The Fed also cited Russia’s war against Ukraine as a key source of inflation, while suppressing overall global economic activity.

While many individual households are struggling, U.S. consumers still have approximately $2 trillion in savings from the pandemic in aggregate, PNC chief economist Gus Faucher said. Combined with a stable base of employment, those savings have allowed households to withstand much of the inflationary environment, he said.

Still, it is not clear whether the Fed will be able to accomplish the balancing act of lowering price growth while avoiding broader economic damage. Many economists are now worried about both the inflation rate, which has reached a four-decade high, and gross domestic product, which could show that the U.S. economy has contracted for two-consecutive quarters — the technical definition of a recession. Thursday, the Bureau of Labor Statistics will release the latest GDP figures.

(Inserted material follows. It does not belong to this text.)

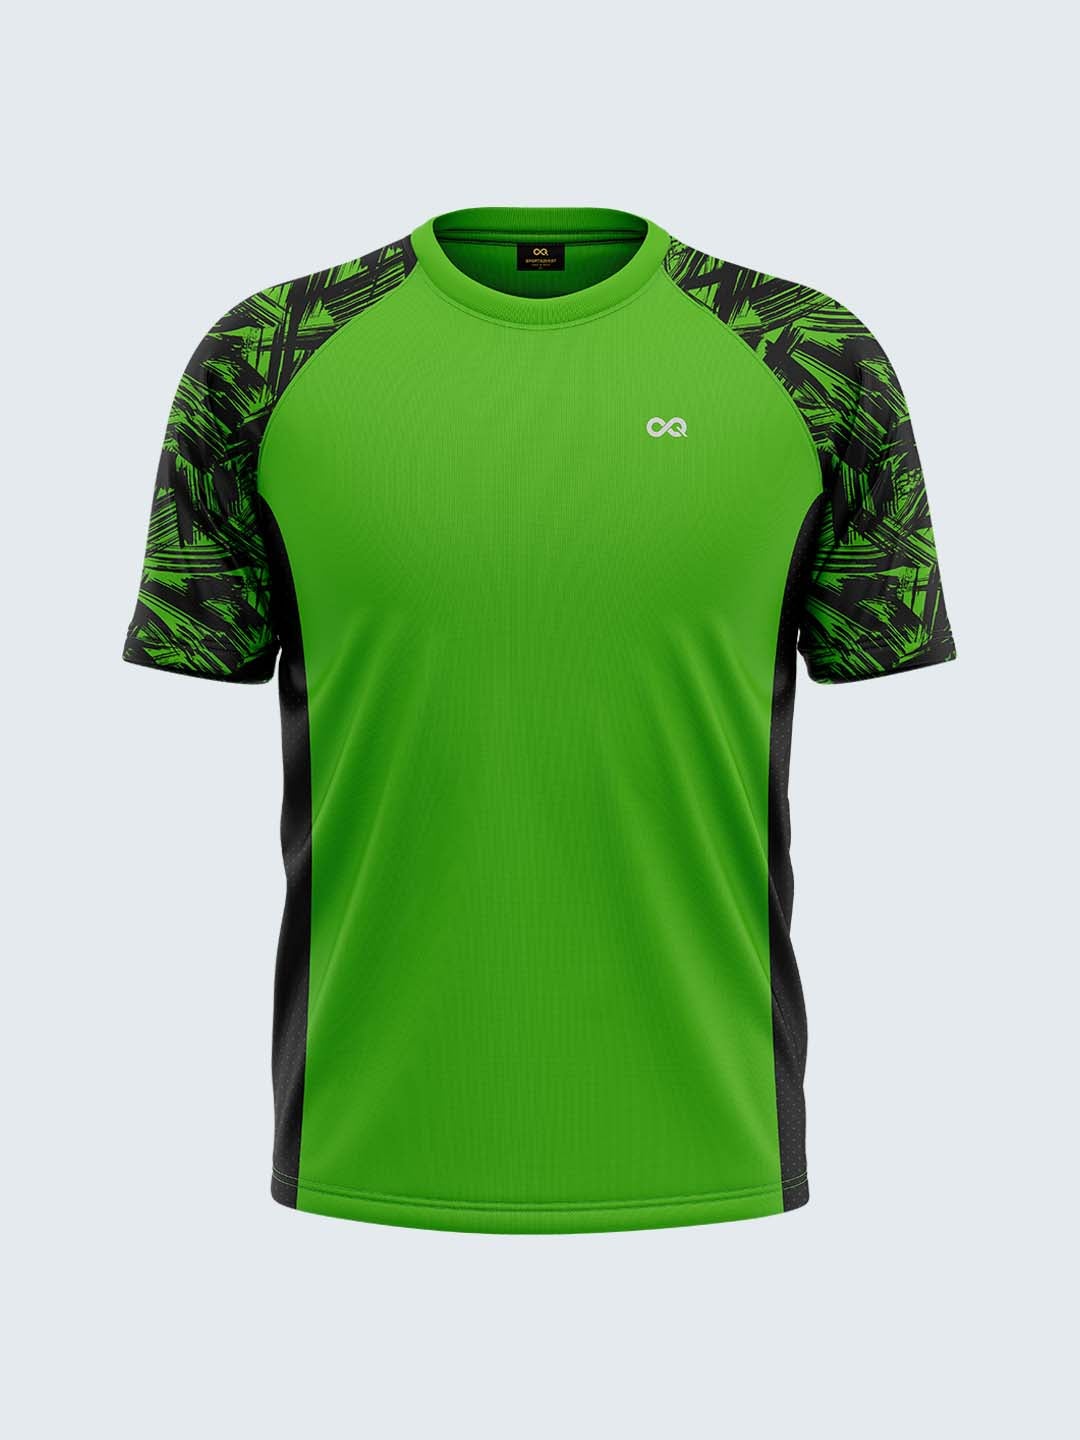 Men's Green Printed Round Neck Raglan Sports T-Shirt - 1982GN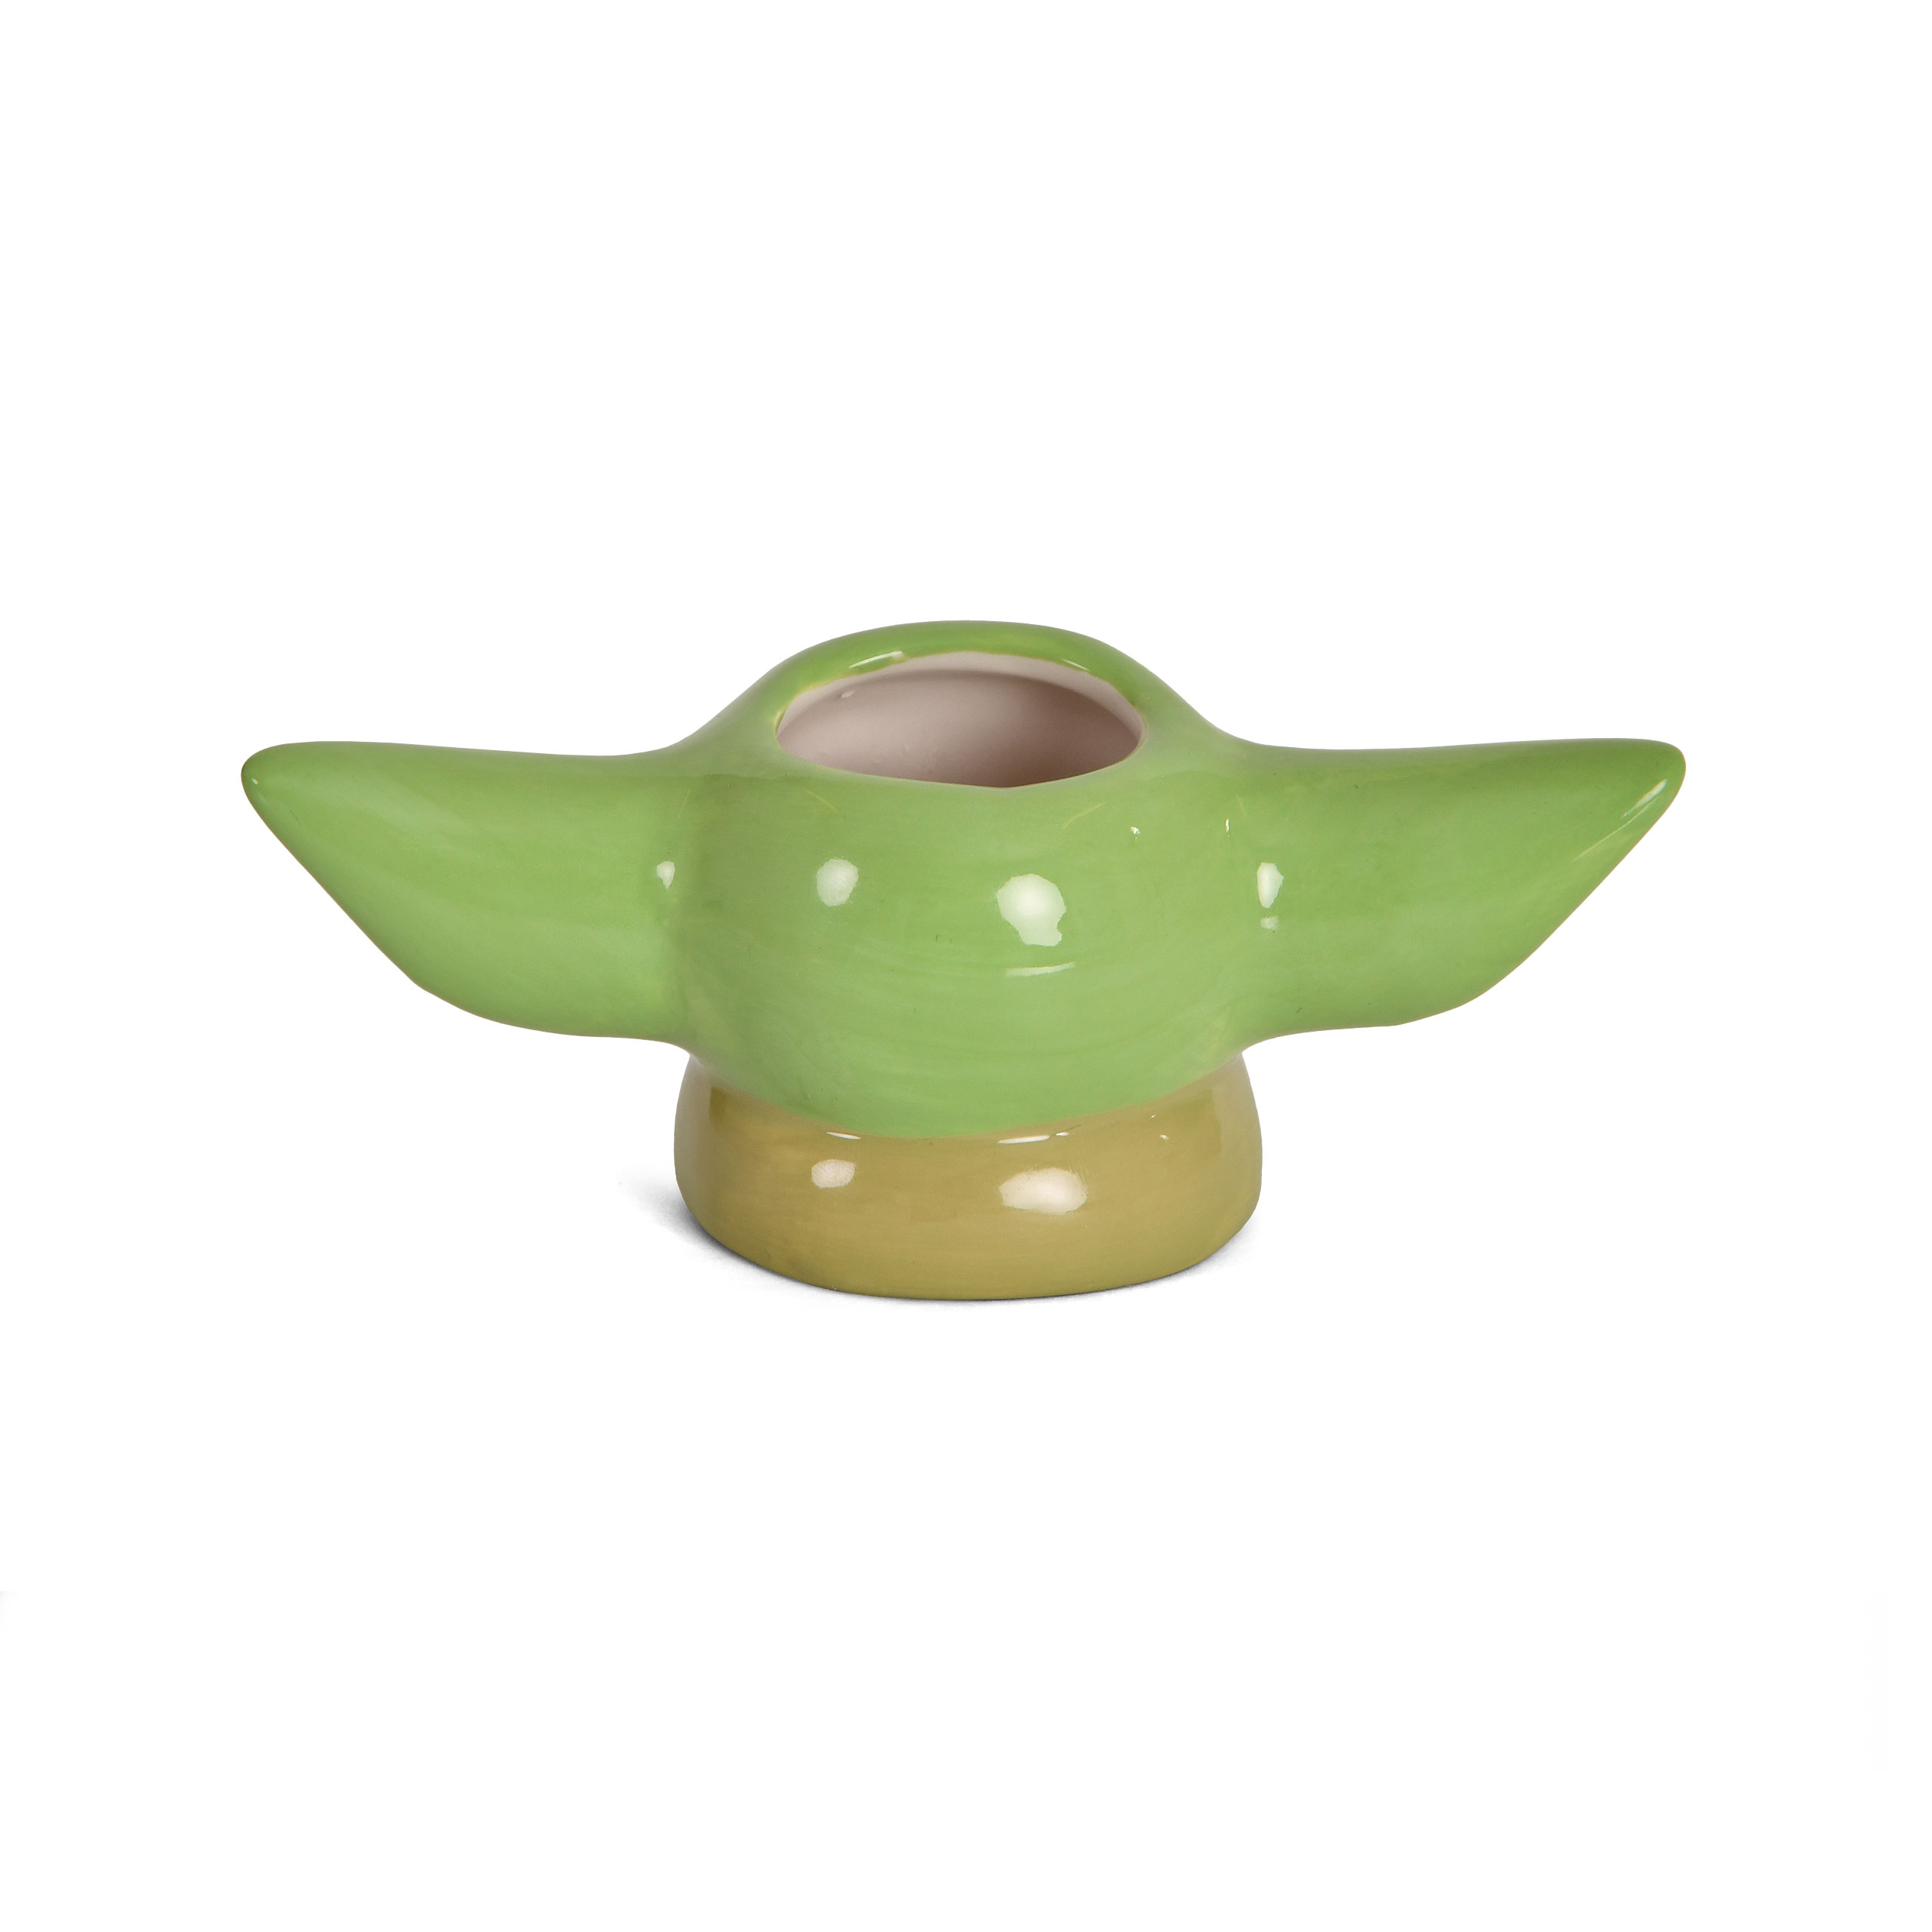 Grogu 3D Espresso Cup - Star Wars The Mandalorian

Even though some economists use GDP to gauge whether the economy is in a "technical" recession, only the National Bureau of Economic Research, a private, nonpartisan group, has the power to officially make such a declaration.

In a note to clients on Friday, Chris Williamson, chief business economist at S&P Global Market Intelligence, wrote that U.S. output is falling at a rate not seen since 2009, excluding pandemic months.

“Manufacturing has stalled and the service sector’s rebound from the pandemic has gone into reverse, as the tailwind of pent-up demand has been overcome by the rising cost of living, higher interest rates and growing gloom about the economic outlook,” he said.

There are still some bright spots in the economy. Unemployment remains low at 3.6% and the job market is still strong. While the Fed focuses on tightening monetary policy, it remains to be seen how well its efforts will translate across the broader economy.